# Determining class of language with pumping lemma?

I have the language $$L = \{ 0^{2l} 1^m | l,m >= 0 \} \ where \ \Sigma= \{0,1\}$$ which I am trying to find the class of language for, e.g. not context-free, context-free, regular.

By this notion I assume $$L$$ is context-free and has some pumping length $$p$$, and I will use the pumping lemma.

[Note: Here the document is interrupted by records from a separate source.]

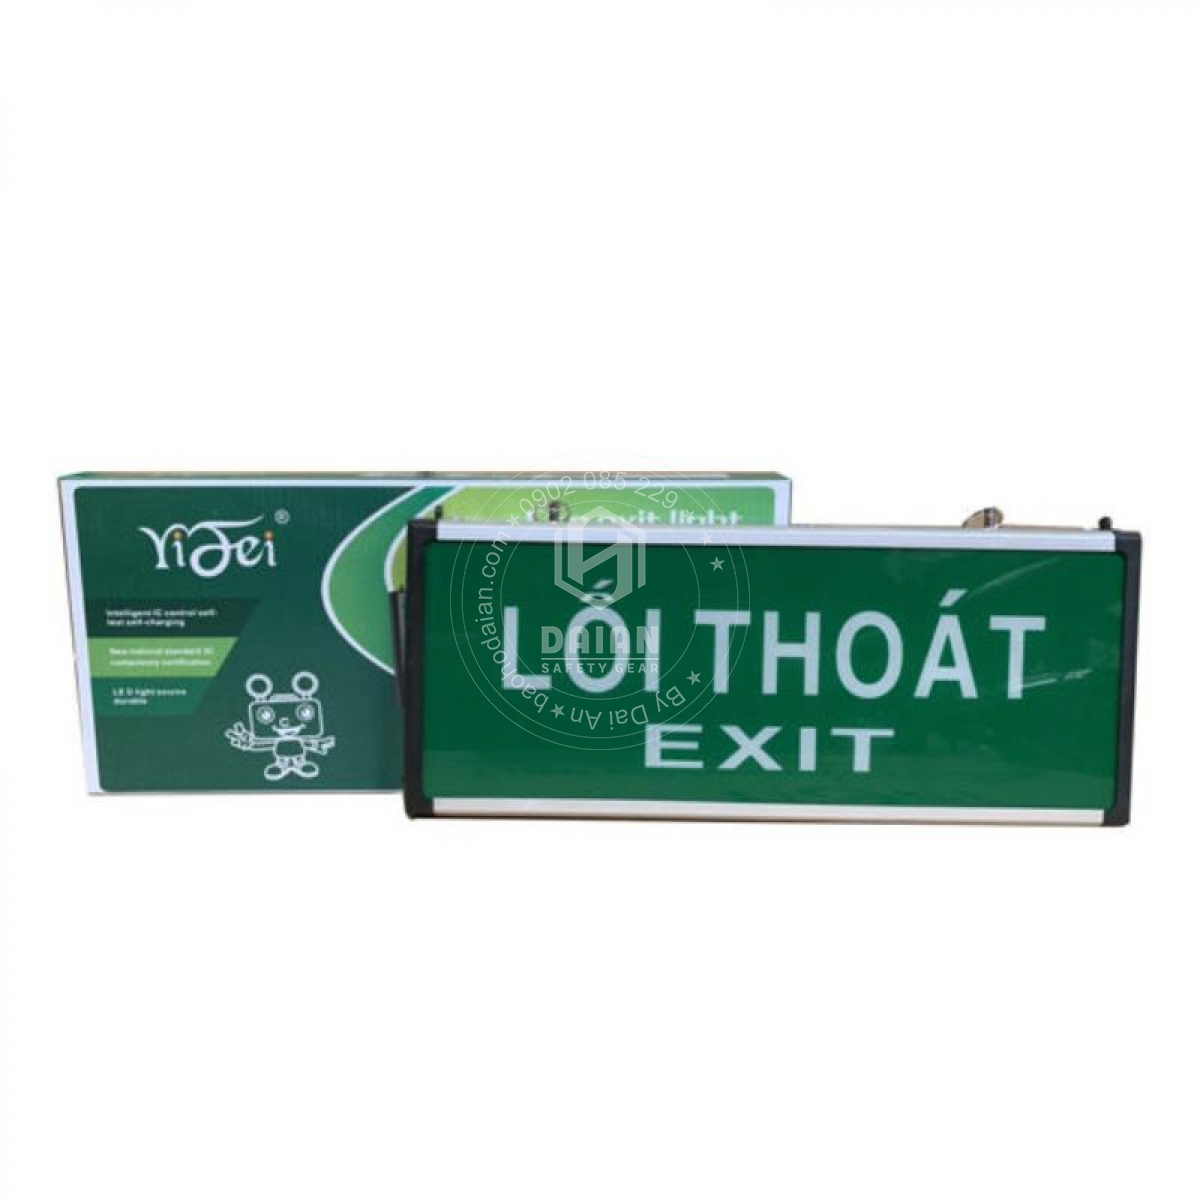 den-exit-thoat-hiem-yf1018-exit-loi-thoat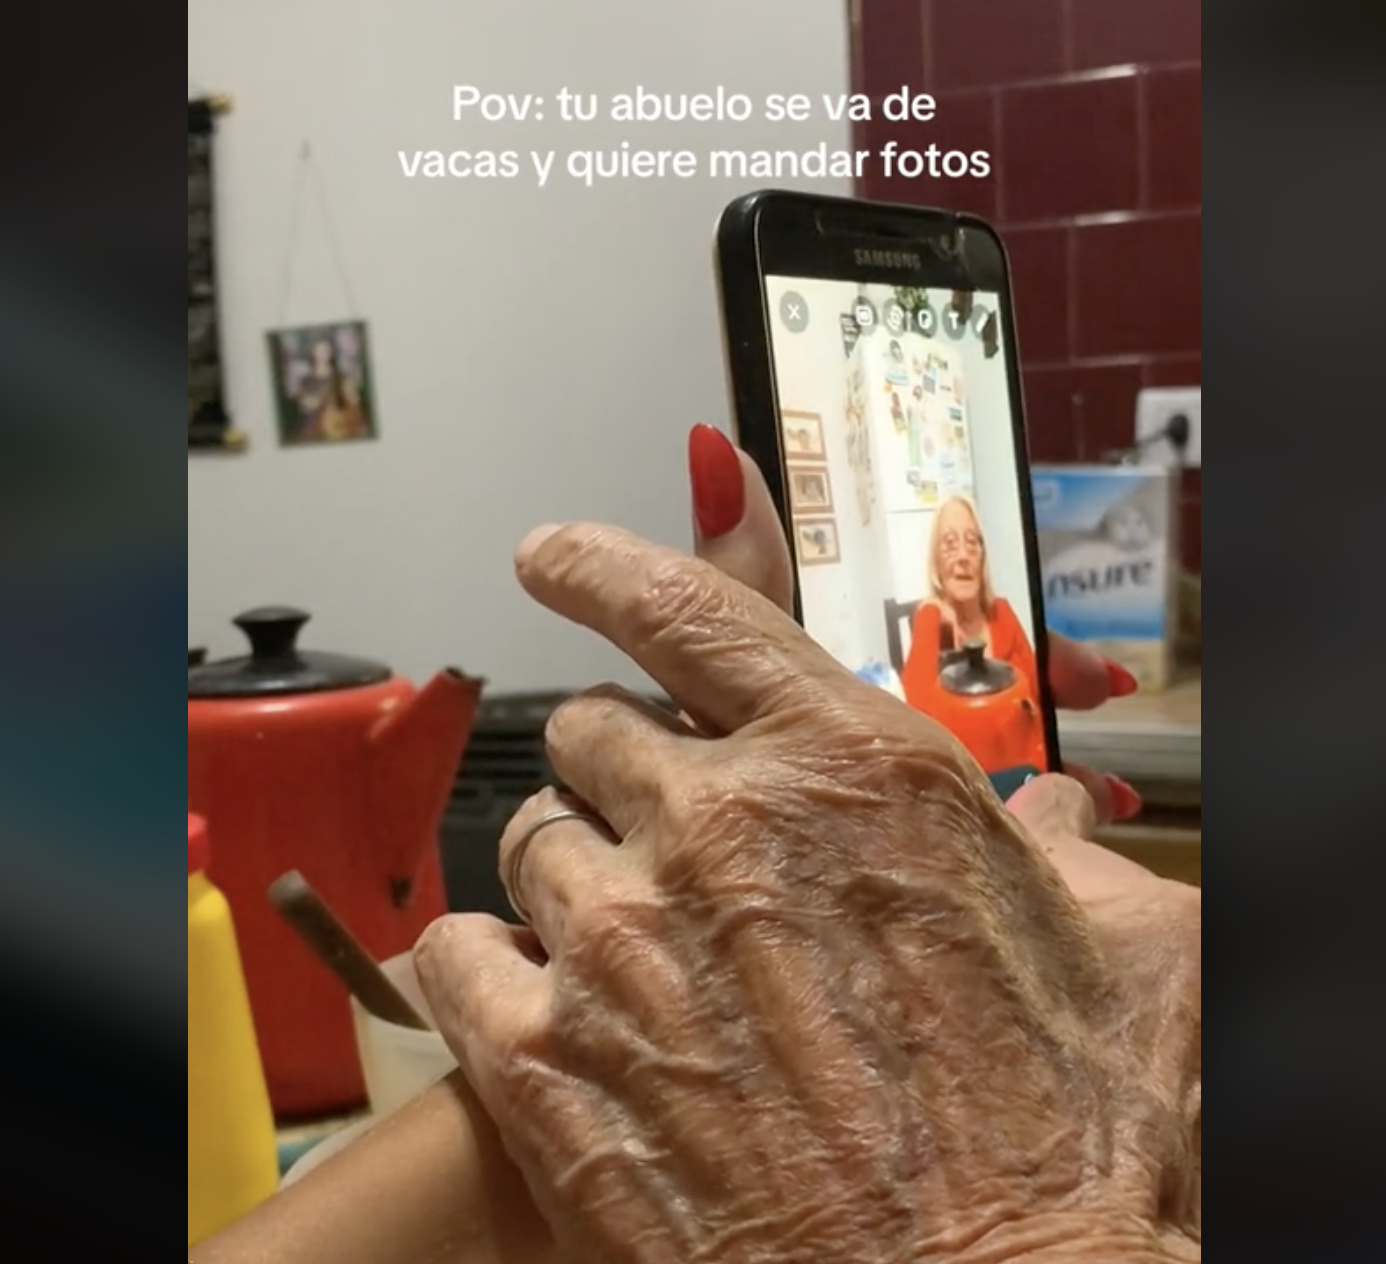 Le enseña a su abuelo a usar el móvil y su reacción se vuelve viral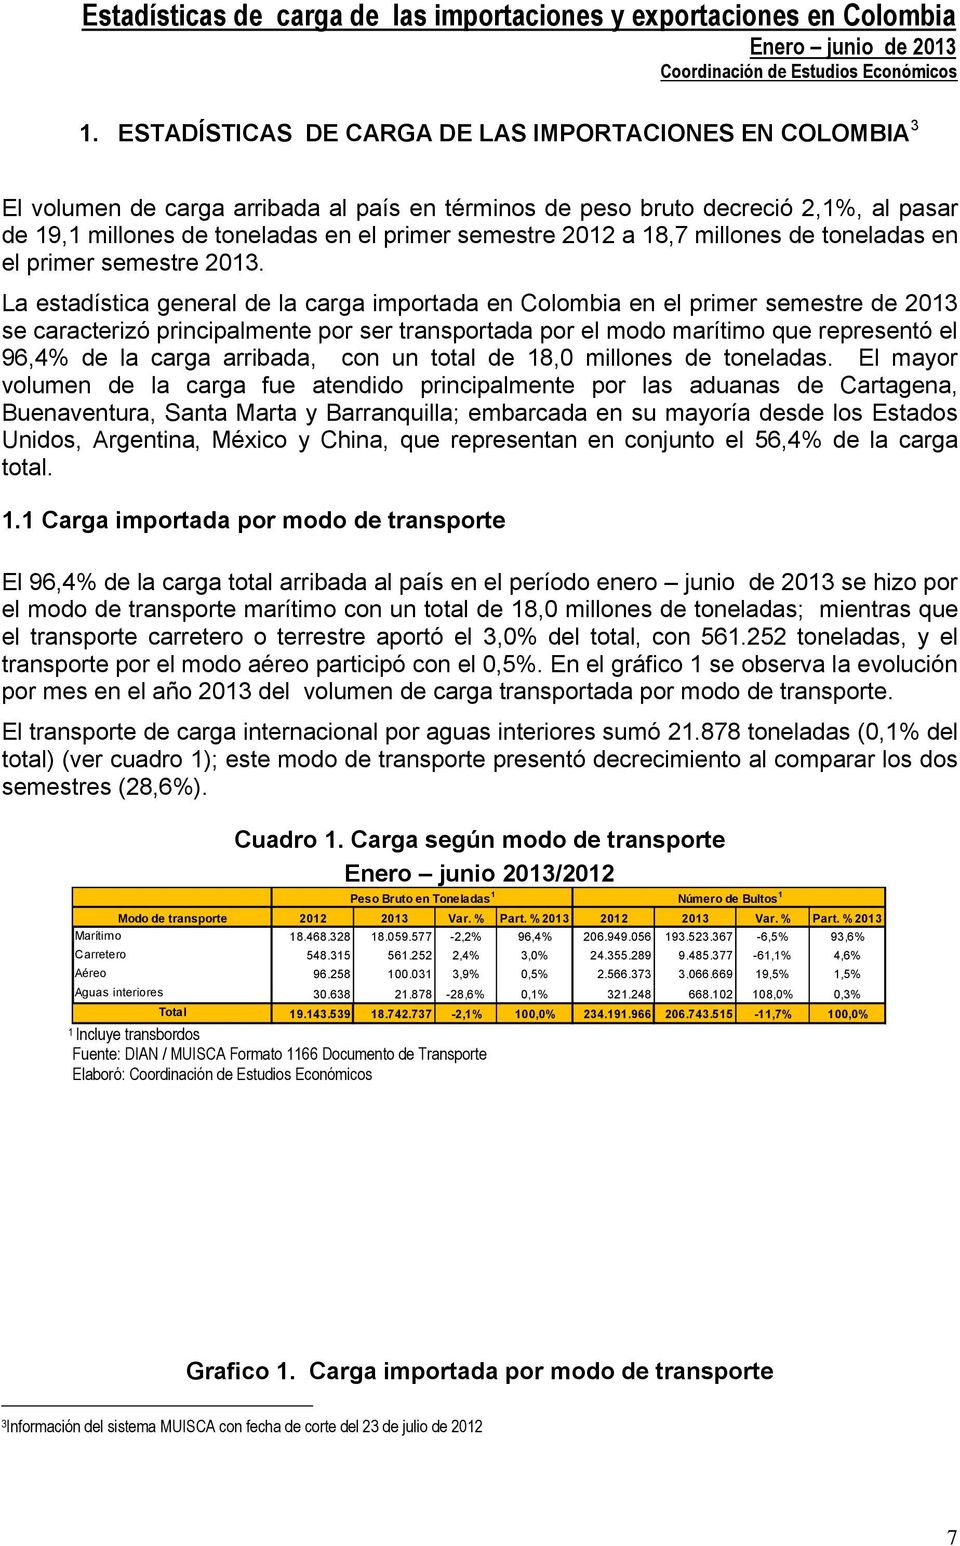 La estadística general de la carga importada en Colombia en el primer semestre de 203 se caracterizó principalmente por ser transportada por el modo marítimo que representó el 96,4% de la carga

$$w = 0^{2p}1^p$$ and can be split into $$w = uv^ixy^iz, i >= 0.$$

$$|w| > p$$

I know that $$vxy$$ can only be in 3 places as it is of length at most $$p$$, these scenarios are:

-all 0's

-A mix of 0's and 1's.

-All 1's.

My thinking is that scenario 1 is invalid as it must always be an even length, and pumping up may break this. Scenarios 2 I am unsure although I think it follows the same logic as the first scenario, and scenario 3 could be pumped and still be in the language.

Does this mean $$L$$ is context-free? Can I also infer if $$L$$ is regular?

• As a reminder: the pumping lemma for regular languages (resp. for context-free languages) can be used to prove that a language is not regular (resp. context-free). Oct 27, 2022 at 9:11

Your language is regular. A regular expression is e.g. $$(00)^\ast1^\ast$$. The numbers $$l$$ and $$m$$ are not in any relation to each other. You just have an even number of $$0$$s followed by an arbitrary number of $$1$$s.